Wright highlighted noted Dartmouth alumni Kan-Ichi Asakawa, E. E. Just and Robert Frost as turn-of-the-century students, who despite having to make adjustments to acclimate to Dartmouth life, went on to contribute greatly in their fields of interest during the century.

He said the words of Frost, who wound up leaving the College after one year, should inspire those in the Dartmouth community,

Wright said Frost wrote "the utmost reward of daring is still to dare" and that he feels students, especially the Class of 2003, "should dare to dare at your time at Dartmouth."

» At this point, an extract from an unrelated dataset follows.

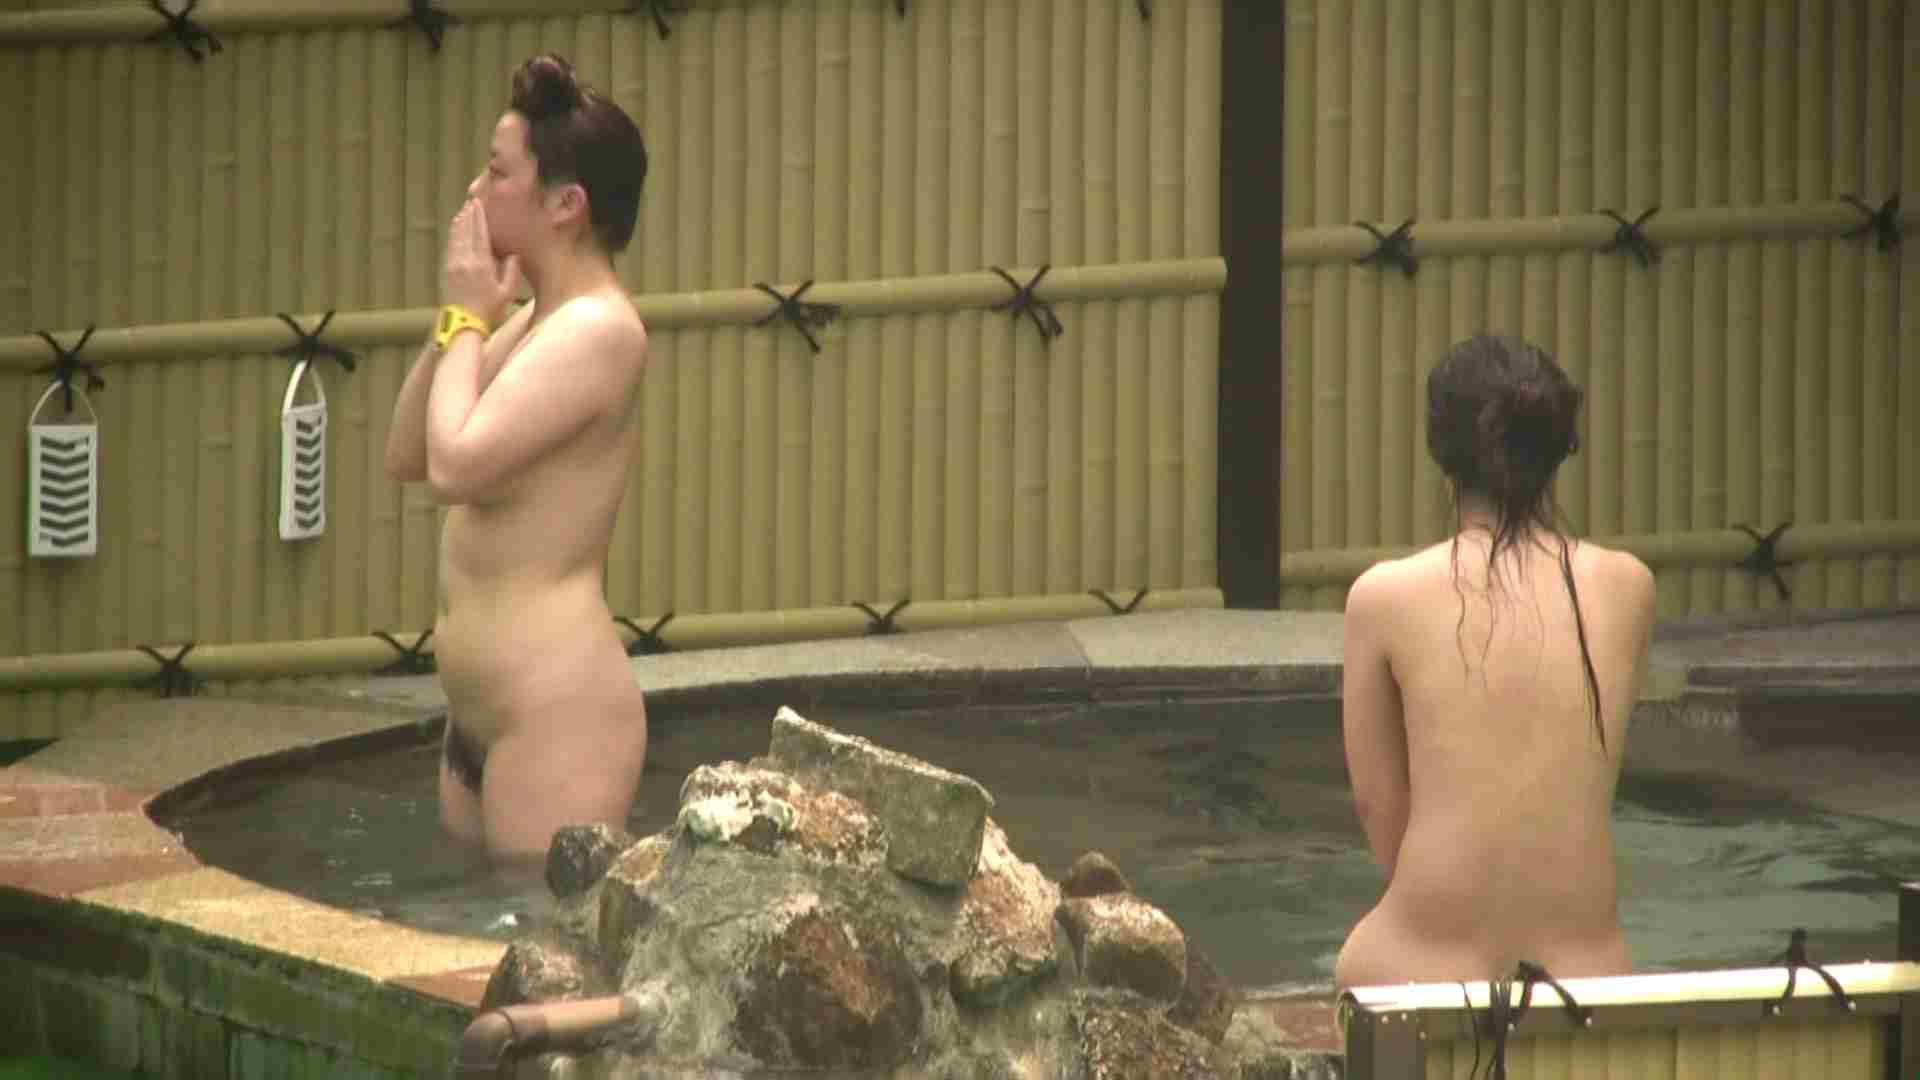 高画質露天女風呂観察 vol.022 乙女のエロ動画 盗撮動画紹介 86PIX 63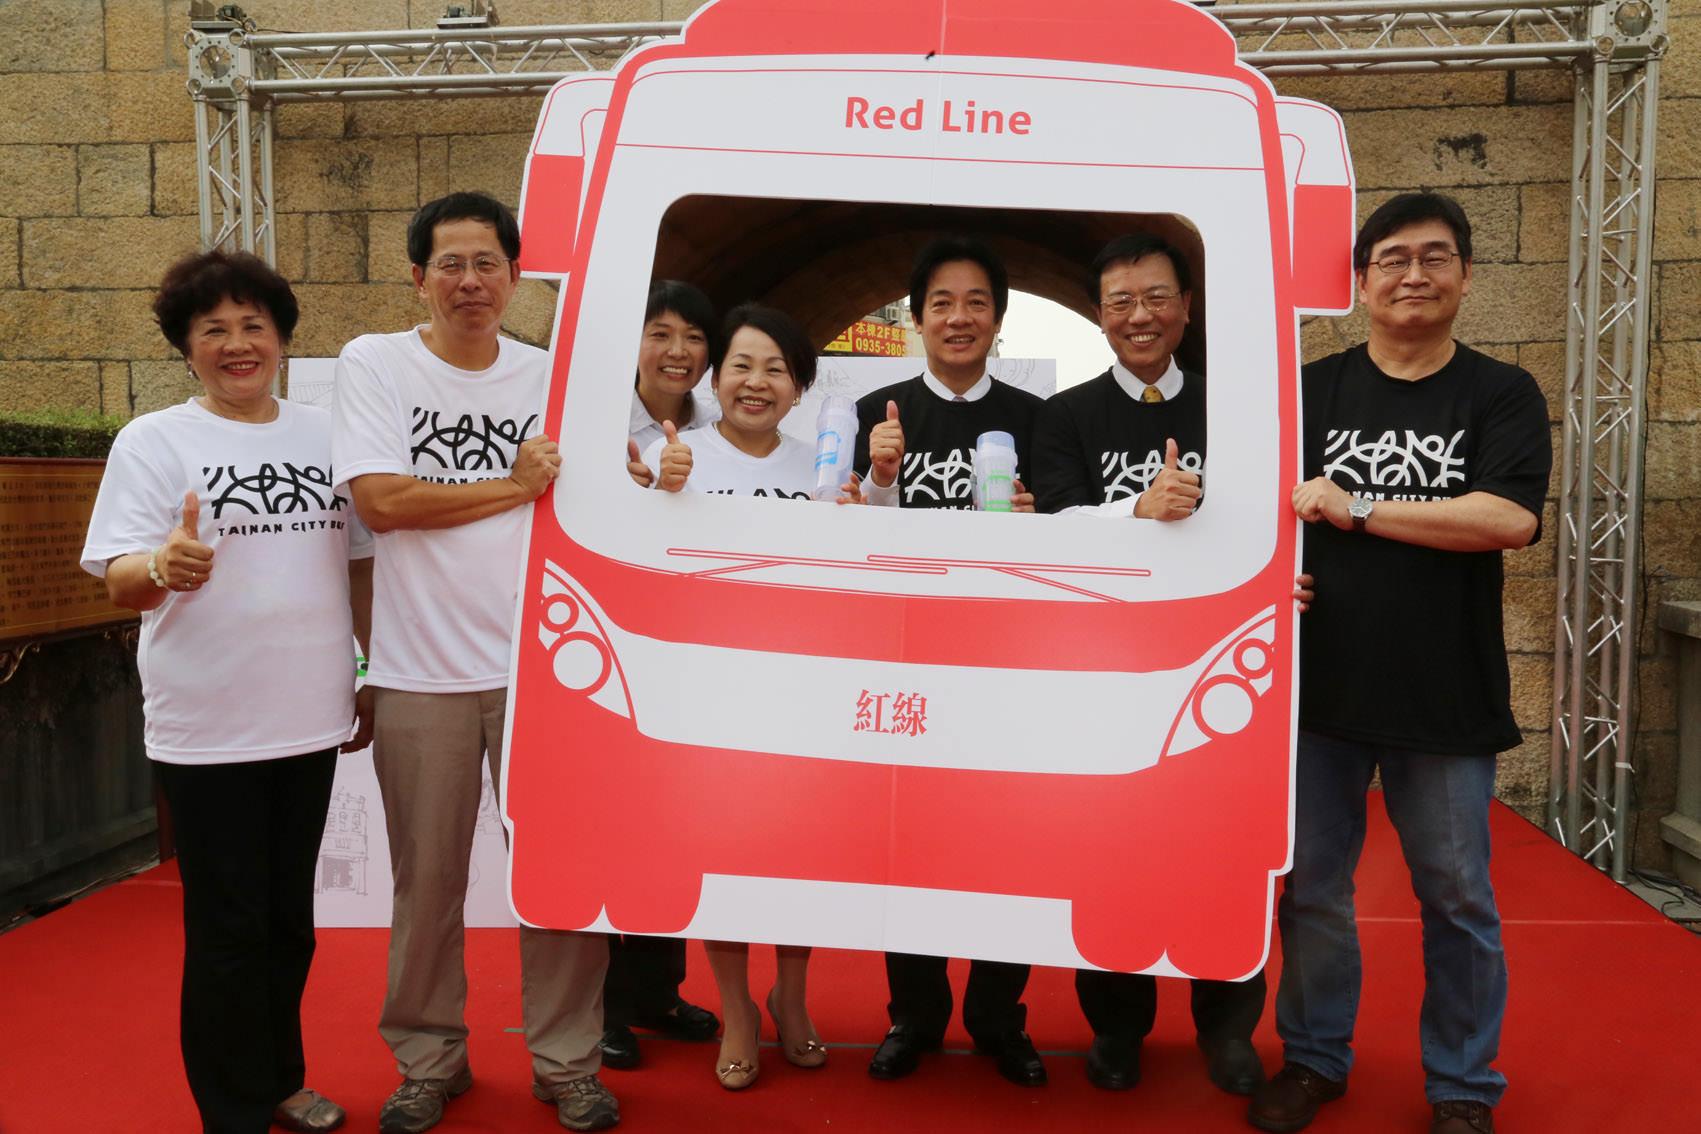 幹線公車主題路線宣傳摺頁發表記者會-摺頁在手搭公車深度旅遊大臺南

Student Assembly President Dean Krishna '01 started his remarks with a mention of Jenica Rosekrans '00, who died during Senior Week in June of an infection of meningococcal bacteria.

Krishna said Rosekrans "graced us with generous spirit," and taught the College a powerful lesson "to appreciate those around us."

Krishna urged members of the Class of 2003 to keep an open mind when exploring the College and to educate themselves by asking questions of those they don't know.

In the year of the Initiative, Krishna challenged the freshmen to keep involved in College life so that student voice would be "heard at the greatest level possible."

Krishna also challenged the Board of Trustees to listen to students and to trust them "with real responsibility" that as the future leaders of society, they deserve.